Keine genauen Zahlen
Genaue Zahlen gäbe es derzeit noch nicht, so Behrend: „Ich arbeite gerade an einer aktuellen Ertragssituation.“ Er geht aber davon aus, „dass viel mehr als 10 000 Euro ans Zinserträgen nicht mehr zu erwirtschaften sein werden“. Dieser mageren Summe stehen die 60 000 bis 65 000 Euro an Betriebskosten jährlich gegenüber. Einen Antrag, in dem es um die Erhaltung des Leder- und Gerbermuseums geht, hat die CDU für die heutige Sitzung des Kulturausschusses eingebracht….. Angeblich verhandele die Stiftung derzeit mit der Landesregierung NRW mit dem Ziel, die Trägerschaft für das Museum ans Land abzugeben, so die CDU. Das weist Behrendt klar zurück:……… Das Leder- und Gerbermuseum war schon immer „Chefsache“, ob bei Dagmar Mühlenfeld oder jetzt bei Oberbürgermeister Ulrich Scholten.

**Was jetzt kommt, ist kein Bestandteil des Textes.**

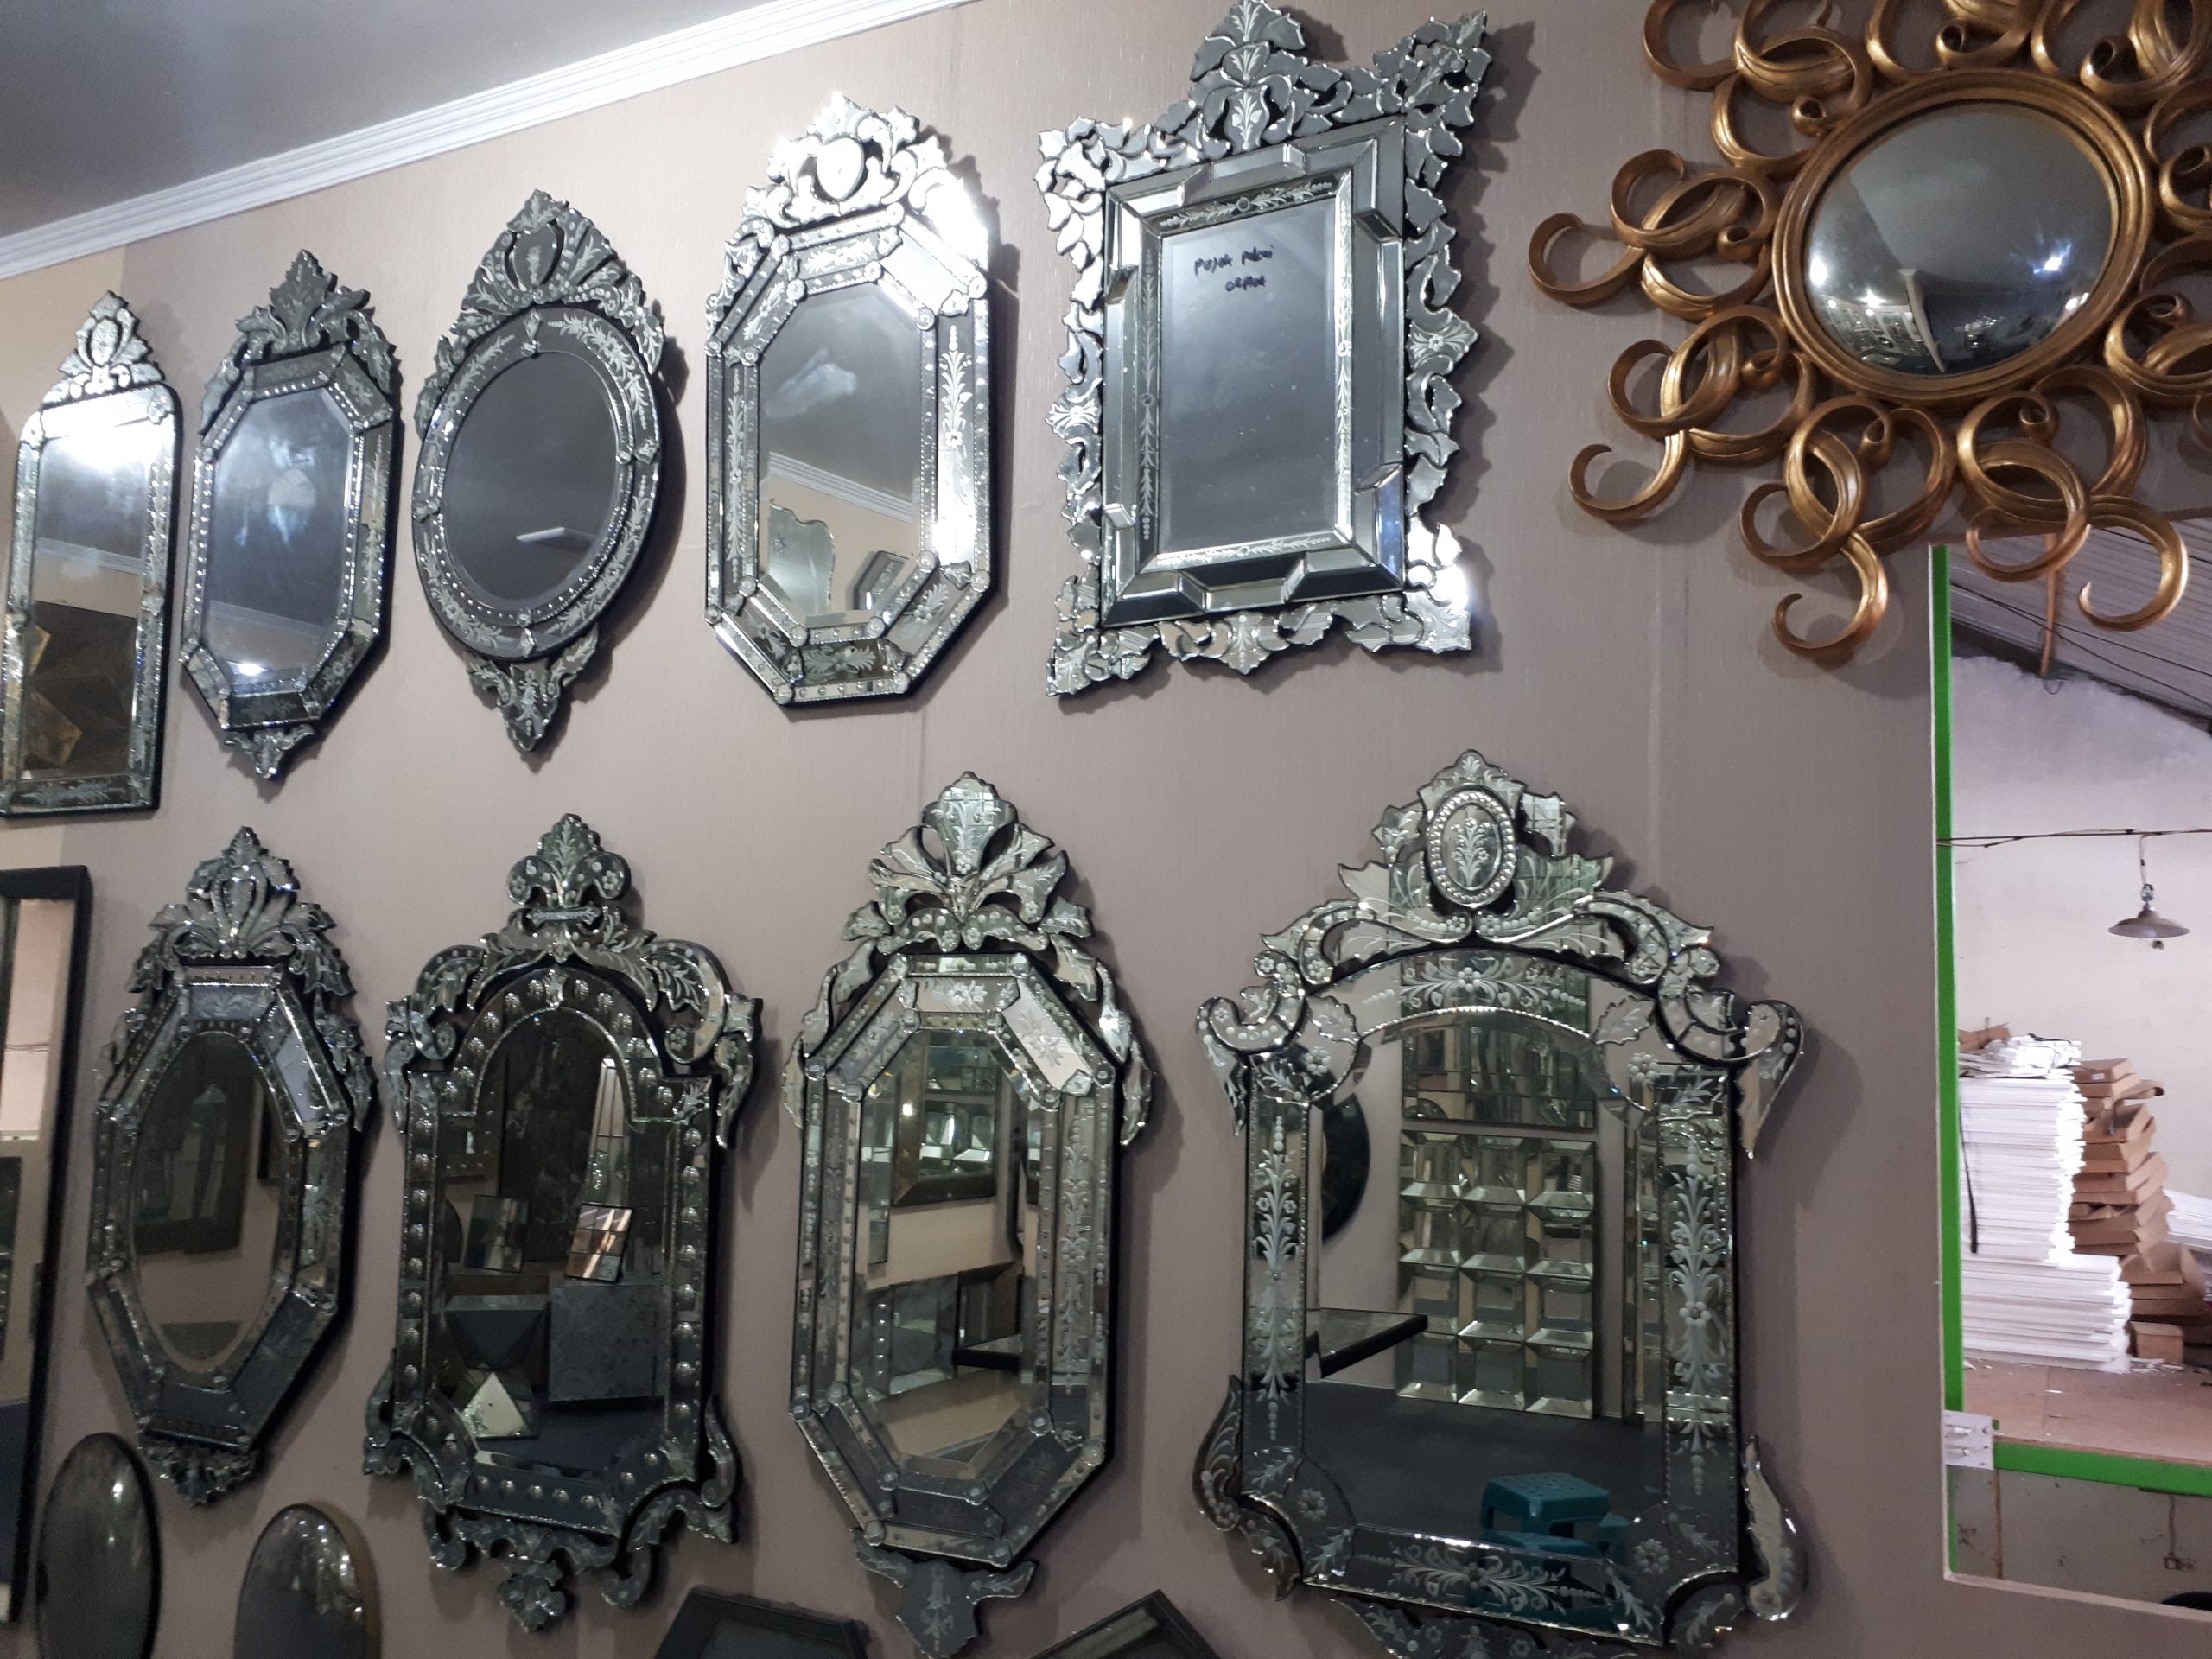 Histoty of Supplier Venetian Mirror in Indonesia.

Im Rathaus sind die Probleme angekommen. „Der Oberbürgermeister arbeitet an einer Lösung“, sagt Kulturdezernent Ulrich Ernst. …… weil sich die Stiftung NRW über den Landschaftsverband Rheinland damals an dem Museum mit 770 000 DM beteiligte, ist die Stadt die Verpflichtung eingegangen, das Haus über 25 Jahre zu erhalten. Zudem beschloss der Rat 2002 einstimmig eine Ausfallbürgschaft für den Fall, dass die Stadt einspringt, falls der Förderverein seinen Verpflichtungen nicht mehr nachkommen kann.

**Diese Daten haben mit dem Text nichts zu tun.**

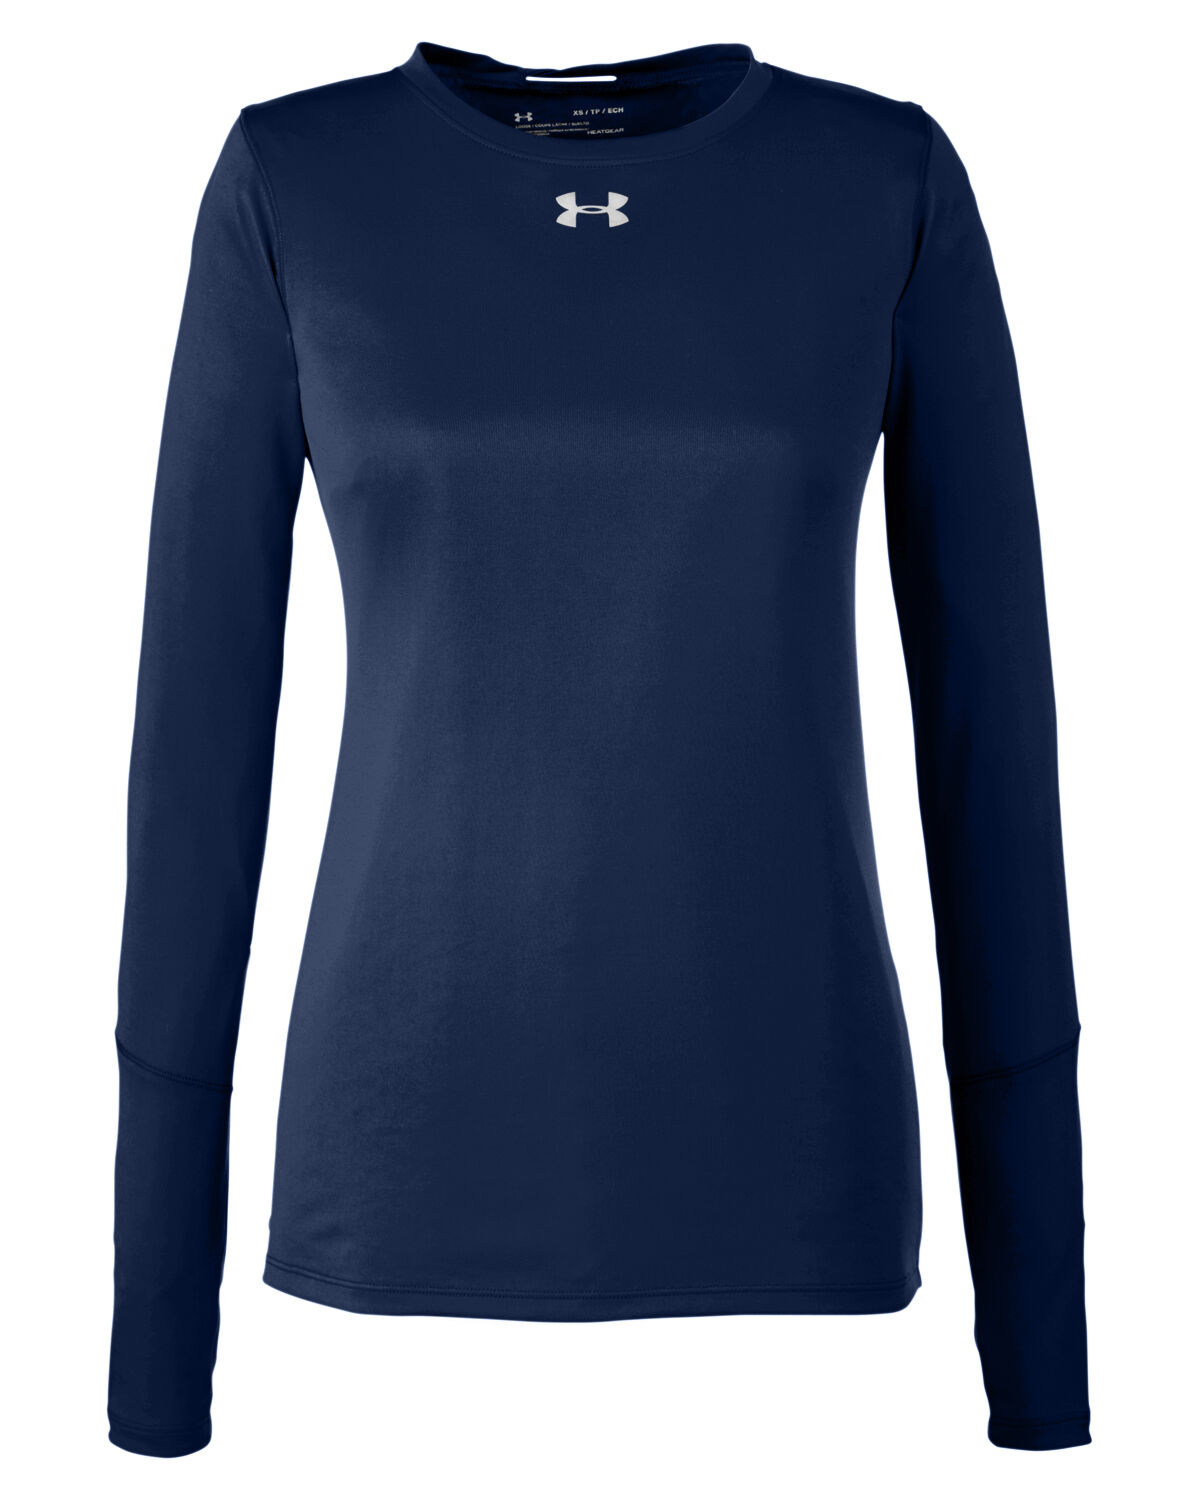 https://www.drivemerch.com/wp-content/uploads/2021/02/branded-under-armour-womens-long-sleeve-locker-t-shirt-2-0-midnight-navy-metallic-silver.jpg

….. Doch wo soll das Geld für den Erhalt des Museums bei der klammen Haushaltslage jetzt herkommen? Bislang war die Stadt finanziell nicht engagiert. Die Betriebskosten konnten viele Jahre über die Stiftung abgedeckt werden. In deren Gründungsphase Anfang 2000 gab die Mülheimer Sparkasse 50 000 DM, die Stiftung NRW speiste über den Landschaftsverband Rheinland 770 000 DM ein, der Förderverein, Privatleute und die Mülheimer Wirtschaft beteiligten sich. Über die Sparkasse ist Thomas Behrendt ehrenamtlich als Stiftungsgeschäftsführer aktiv. Seine Vorgänger, so Behrendt, „haben das Stiftungskapital sauber erhalten und gut gewirtschaftet.“ ……. 

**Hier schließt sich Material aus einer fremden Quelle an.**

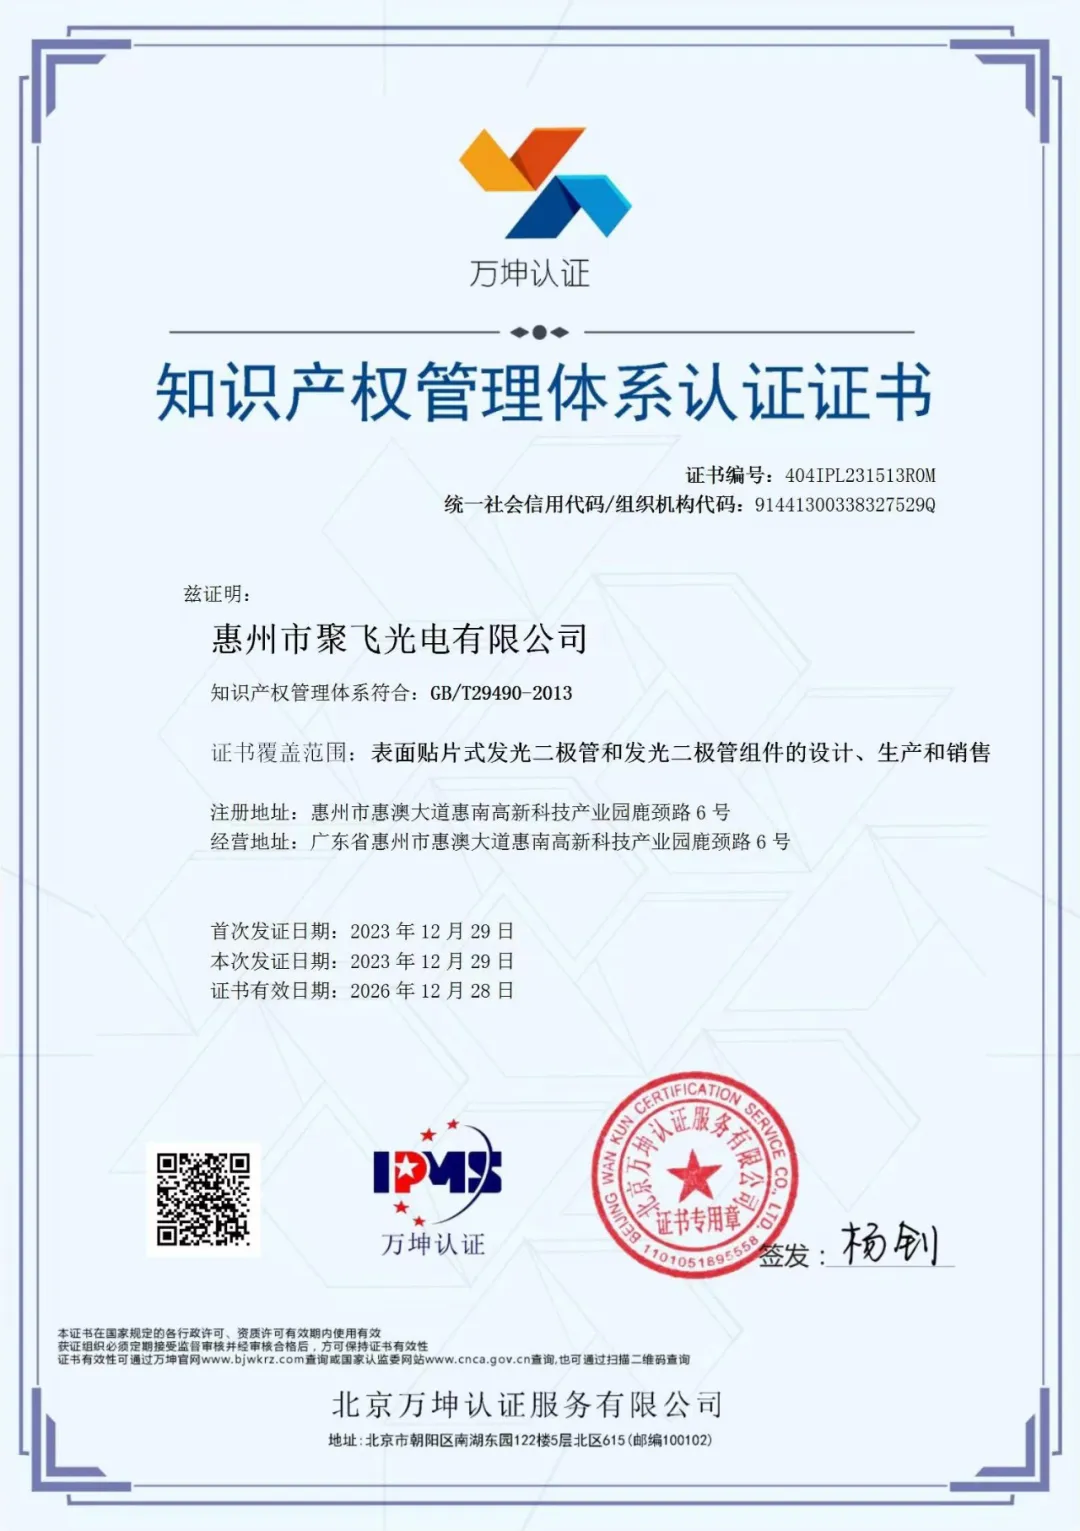 惠州太阳网集团8722总站光电通过企业知识产权管理规范认证

Im Kulturausschuss am 28.10.16 verkündete OB Scholten, dass das Museum an die MST angedockt werde, ohne dass diese städtische GmbH, die selbst jährlich Millionen Subventionen benötigt, sich an den Kosten beteiligen werde. Na denn, nach Lösung sieht das nicht aus und auch der LVR hat bereits abgewunken, dass von dort keine erneute Unterstützung möglich sei.